### Exercise data
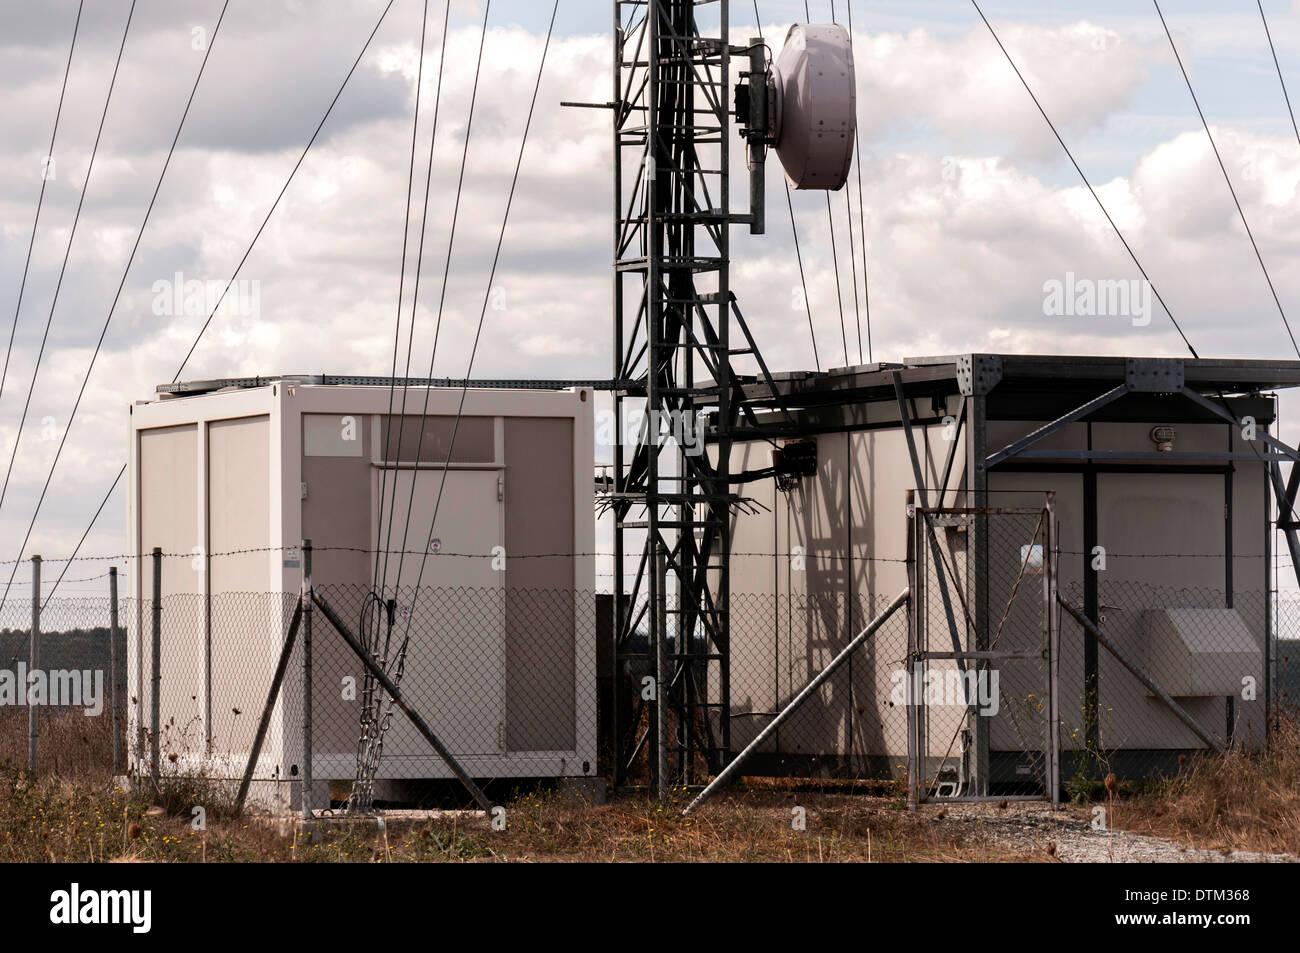 Telecommunications equipment - Stock Image
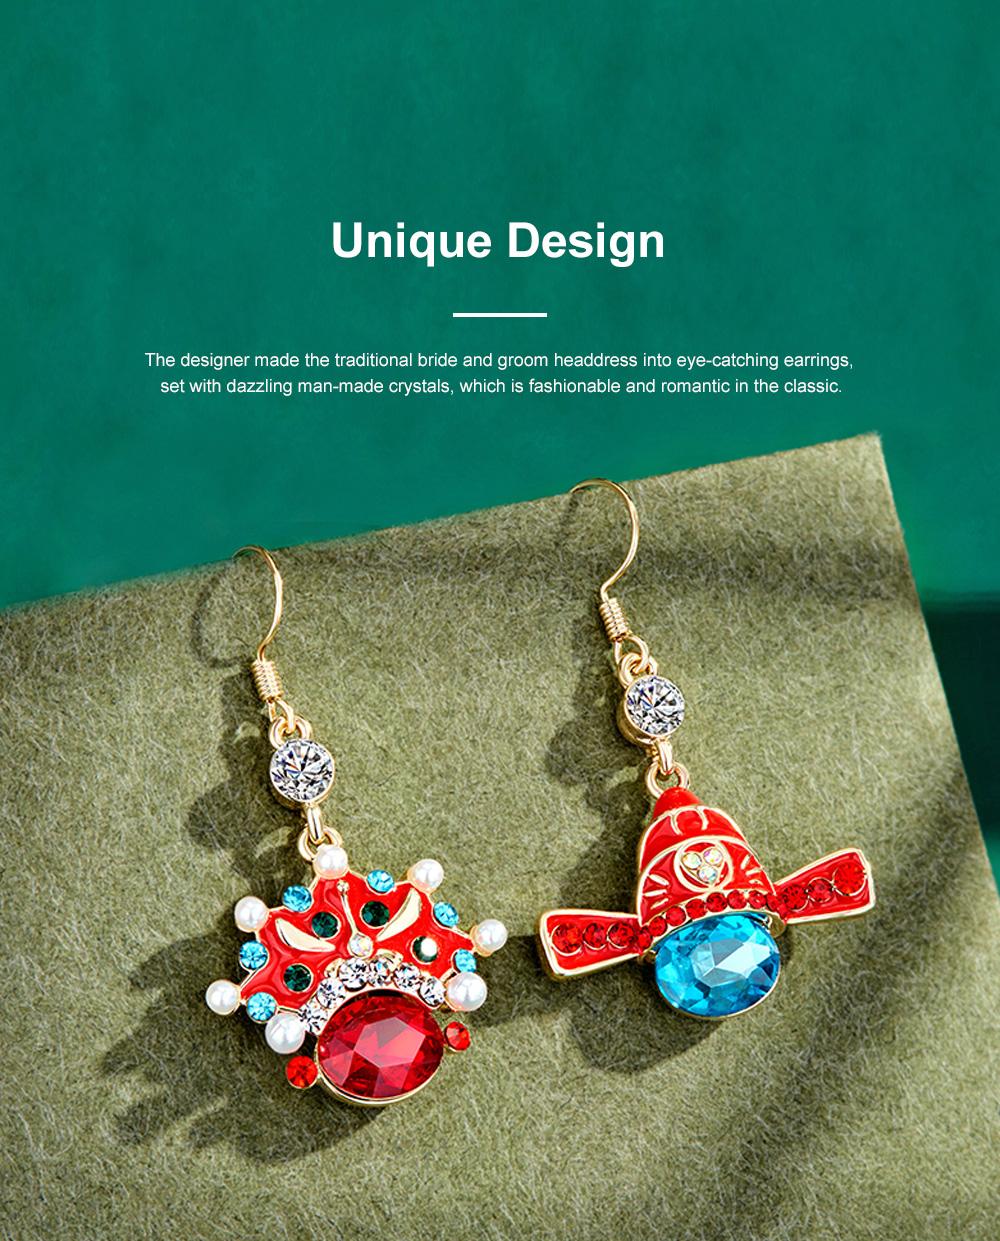 Chinese Style Dangle Earrings Asymmetric Personality Crystal Earrings Bride Groom Earrings Studs 4
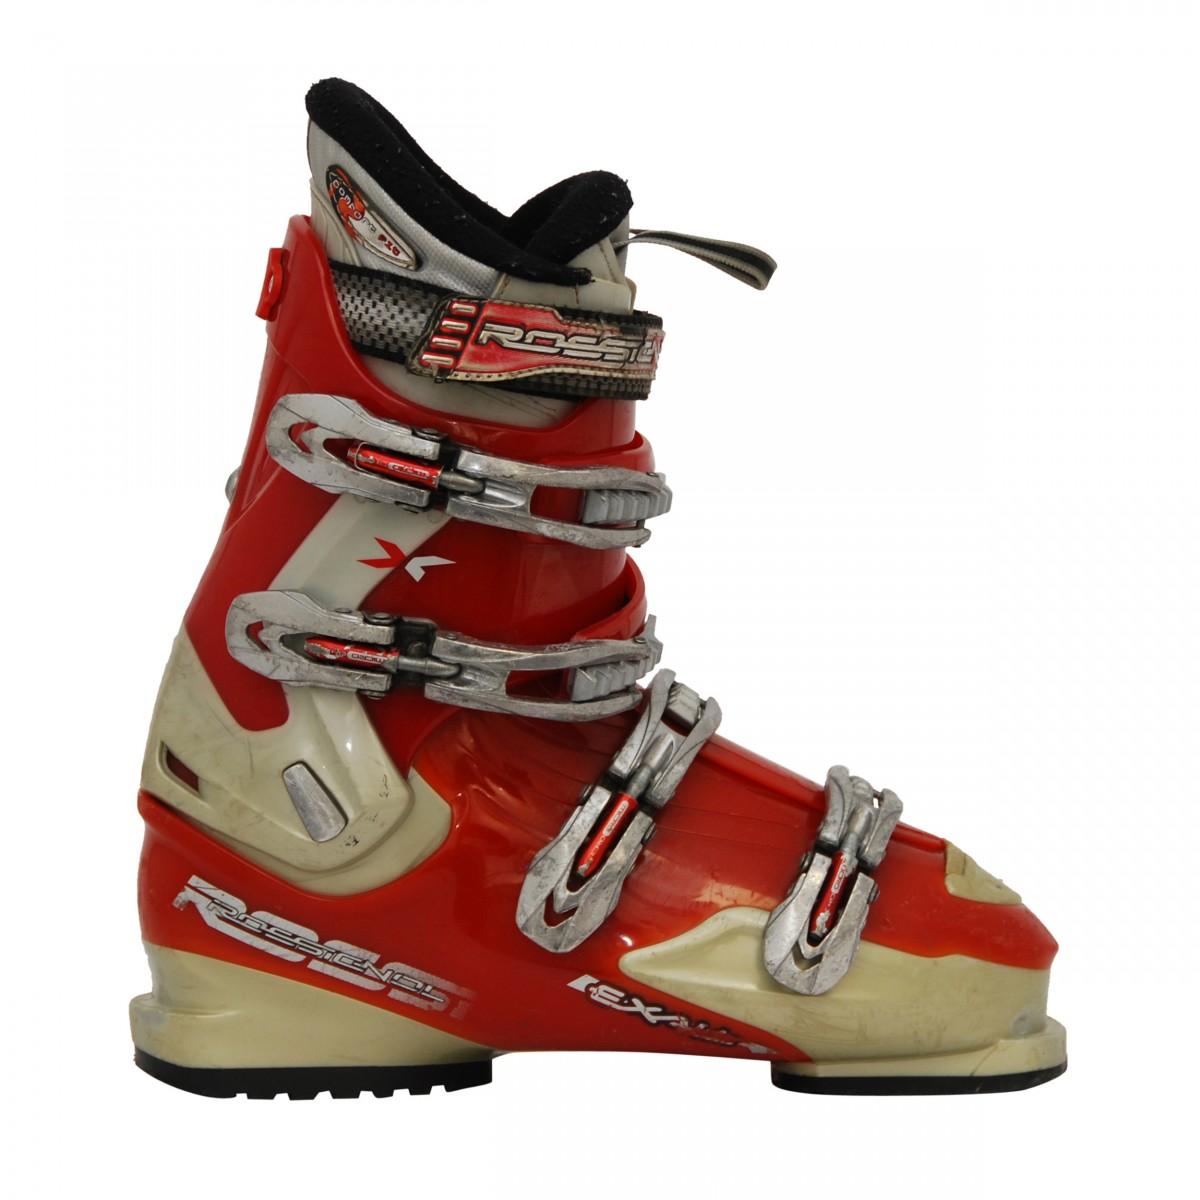 Chaussures skis rossignol occasion en Rhône Alpes , annonces

### Exercise aim
What the answer must hold: all the data above, given again exactly, without pictures.

### Task answer
 Telecommunications equipment - Stock Image
 Chinese Style Dangle Earrings Asymmetric Personality Crystal Earrings Bride Groom Earrings Studs 4
 Chaussures skis rossignol occasion en Rhône Alpes , annonces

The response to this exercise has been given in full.